If your stack already exports OTel spans natively, Braintrust accepts them directly via the OpenTelemetry integration with no conversion step needed.

The final output is all 1,781 sessions → 1,781 root spans in the Hugging Face topics Braintrust project.

The same cookbook also ships hf_bt_cookbook/import_dataset.py, which turns a Hugging Face dataset into a gradable Braintrust dataset if you want to run evals rather than analyze existing traces.

Once imported, every run is a row you can sort, filter, and slice on any metadata field: model, benchmark, harness, tokens, scores, duration. The Braintrust Logs view turns 1,781 opaque Hugging Face JSON files into a queryable table.
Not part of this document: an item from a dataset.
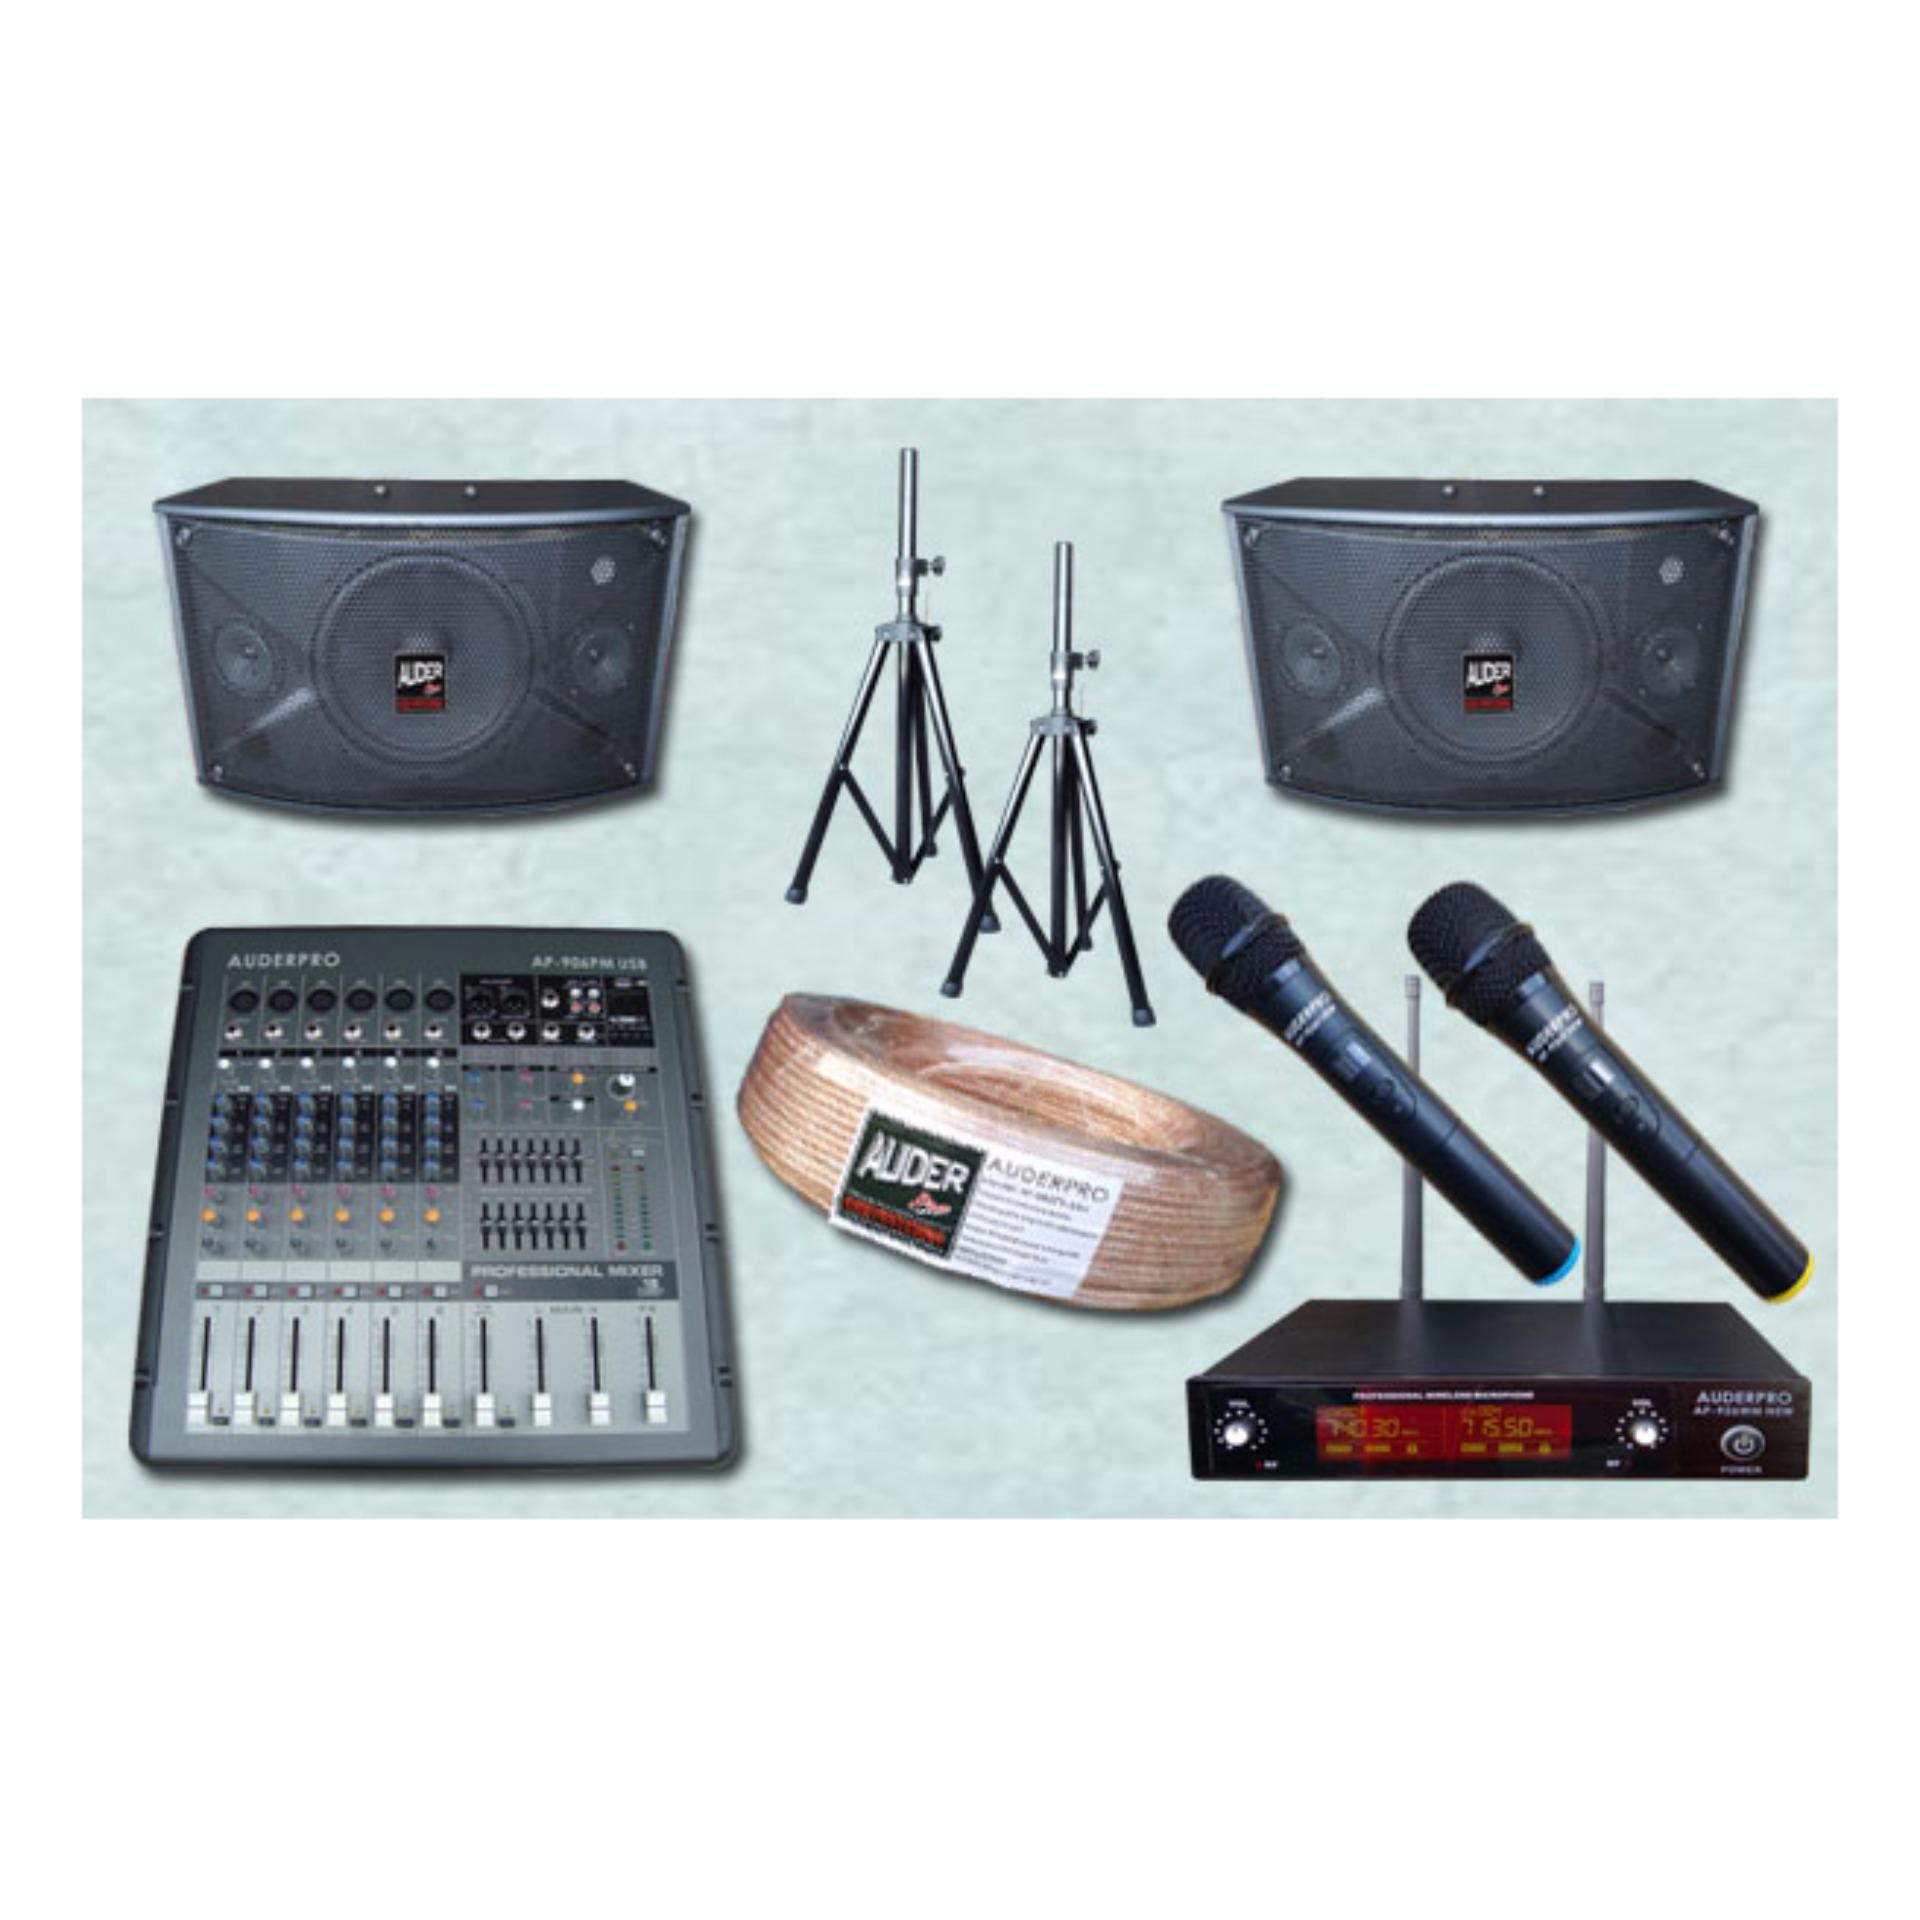 Jual Sound System Paket Rapat Kecil 4 Auderpro Auderpro Grosir

Braintrust Logs UI: every agent run as a filterable row with model, benchmark, tokens, scores and duration columns

Adding success scores as metadata

There was one problem with the dataset. Each benchmark grades against something hidden, like test cases, database state, or proprietary rubrics, but none of that was exported alongside the traces. Basically, the traces had info on the runs but not the verdicts.

Also, the error field in the original dataset is not a crash flag. It's a diagnostic string like "[N tool error(s) detected. Examples: ...]" that appears even when N=0. So the "error rate" is pretty meaningless here, which is exactly why a real success measure was necessary.
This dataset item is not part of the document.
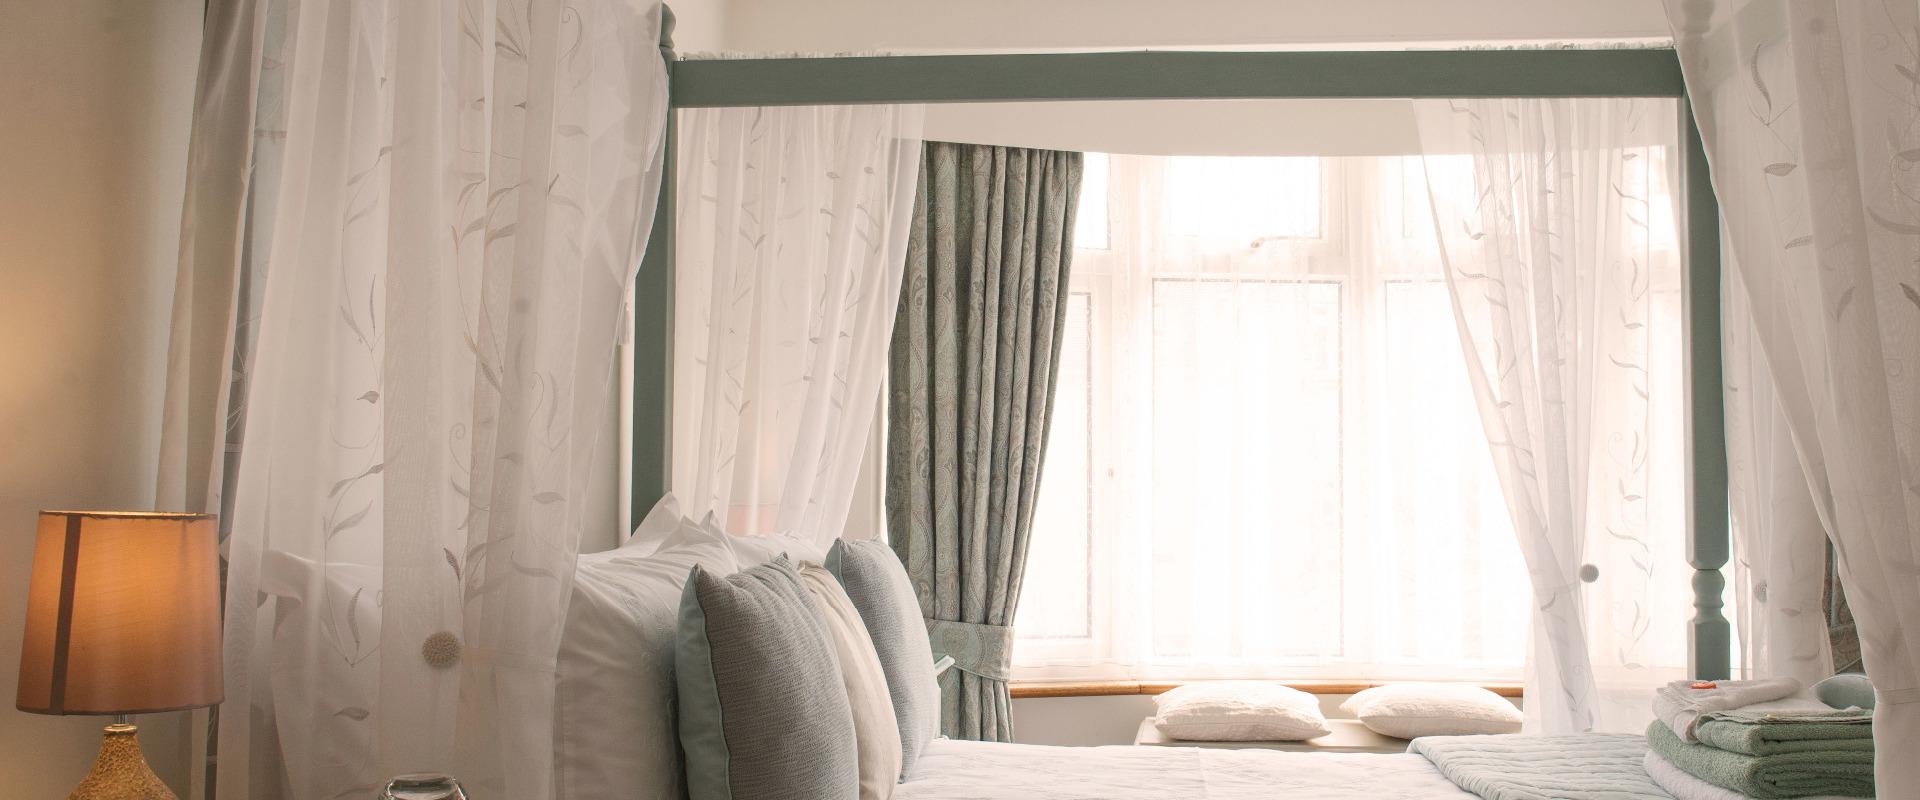 Bed room in Paignton

To fix this issue, we built an LLM-as-judge proxy to judge success rate of the task completion.

Essentially, for each of 1,781 runs, we extract the full final conversation (all tool calls, results, the agent's final message), feed gpt-4.1 the task, conversation, and a benchmark-specific grading rubric, and get back success (0/1), confidence (low/medium/high), and short reasoning (≤35 words).

Here's the prompt we used for our LLM-as-a-judge:

You grade whether an AI agent SUCCEEDED at a task, from its execution trace.
Task type: {benchmark description}
Grading rule: {benchmark-specific rubric}
You see the task and the agent's full final conversation incl real tool outputs.
Judge from visible verification; you may NOT have the official grader.
Be strict: ambiguous/unverified = 0.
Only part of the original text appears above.